The Shadow Politics of Shadow Education

Andrew Finkel
Andrew Finkel


Date posted: November 27, 2013

ANDREW FINKEL

ISTANBUL — “Shadow education” is academic jargon for the way ordinary people bypass the failings of the formal school system by enlisting their children in special programs on the side. In Turkey, the practice is so widespread it has spawned a multibillion-dollar industry of private tutorial colleges that help students cram for highly competitive high-school and university entrance exams. Nearly 1.3 million children in Turkey are enrolled in more than 3,800 tutorial colleges.

A byproduct of an underperforming public education system, this informal sector may be putting even more strain on ordinary schools. Many students in their last year of high school simply don’t bother with their ordinary curriculum, according to a study by Aysit Tansel, an emeritus professor of economics at Ankara’s Middle East Technical University. Tutorial colleges may also be perpetuating inequality: They inevitably draw from more prosperous households in the more prosperous parts of the country.

So why aren’t more Turks welcoming the government’s plans to phase out the country’s tutorial colleges starting next year? Because many suspect that the motives behind the new measure are not pedagogical but political.

It is no secret that Prime Minister Recep Tayyip Erdogan has grown wary of the so-called Gulen movement, a faith-based network centered on the charismatic preacher Fethullah Gulen that promotes a mild and modern understanding of Islam.

Started as a series of summer camps in the 1960s, it now runs or influences, through its adherents, a large network of businesses, think tanks, newspapers and television stations — as well as a successful chain of tutorial colleges and private schools.

At first the Gulen movement eagerly backed the AK Party, particularly to rein in the power of the military. But its media affiliates have grown increasingly disillusioned with Erdogan over a range of issues, from his high-handed style to his government’s negotiations with Kurdish militants, which Gulen’s backers consider to be appeasement.

Erdogan, for his part, has grown anxious about the Gulen movement’s growing influence, particularly over the police and the judiciary. In early 2012, public prosecutors believed to be members of the Gulen movement even tried to summon Hakan Fidan, the head of Turkish intelligence and an Erdogan protégé, for questioning.

And now Gulen-affiliated media outlets, particularly the Zaman group of newspapers, are leading the pushback against the government’s proposed ban on tutorial colleges. They argue that the special schools are the only hope for children from low- and middle-income groups of getting into a decent university. They say tutorial colleges are a symptom, not a cause, of social inequality. Scrapping them won’t fix the underlying problem.

A sensible view, perhaps, but something else is at play, too.
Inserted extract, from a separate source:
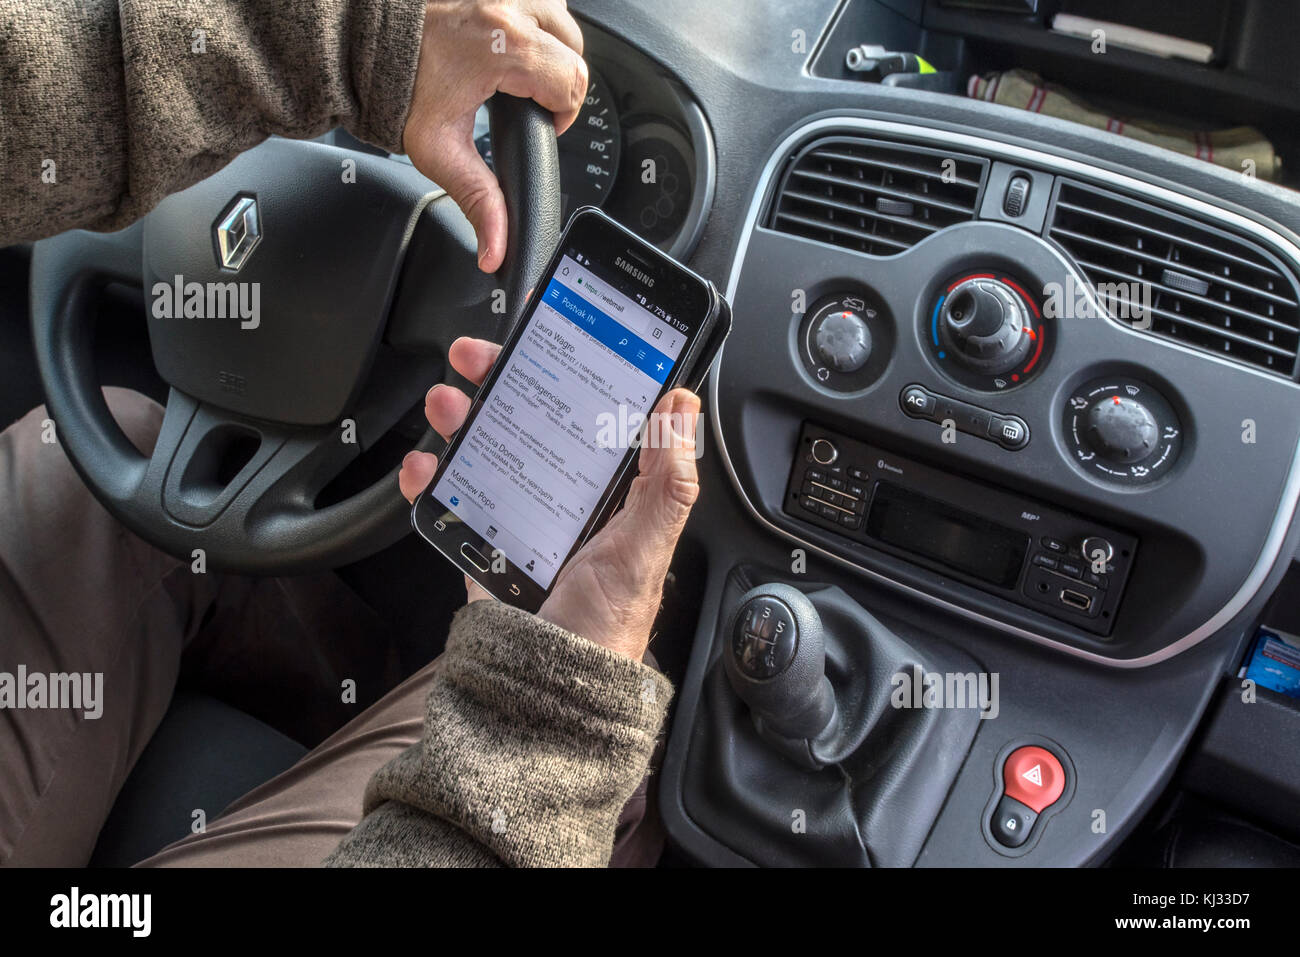 Irresponsible man at steering wheel checking messages on smart phone / smartphone / cellphone while driving car on road Stock Photo

On Nov. 15, Fetullah Gulen webcast a statement to his followers from his self-imposed exile in Pennsylvania: “If the Pharaoh is against you, if Croesus is against you, then you are walking on the right path.” Pharaoh and Croesus presumably were code words for autocracy and corruption.

The stage is set for the nation-wide local elections next March. In the meantime, pity the poor children.


Andrew Finkel has been a foreign correspondent in Istanbul for over 20 years, as well as a columnist for Turkish-language newspapers. He is the author of the book “Turkey: What Everyone Needs to Know.”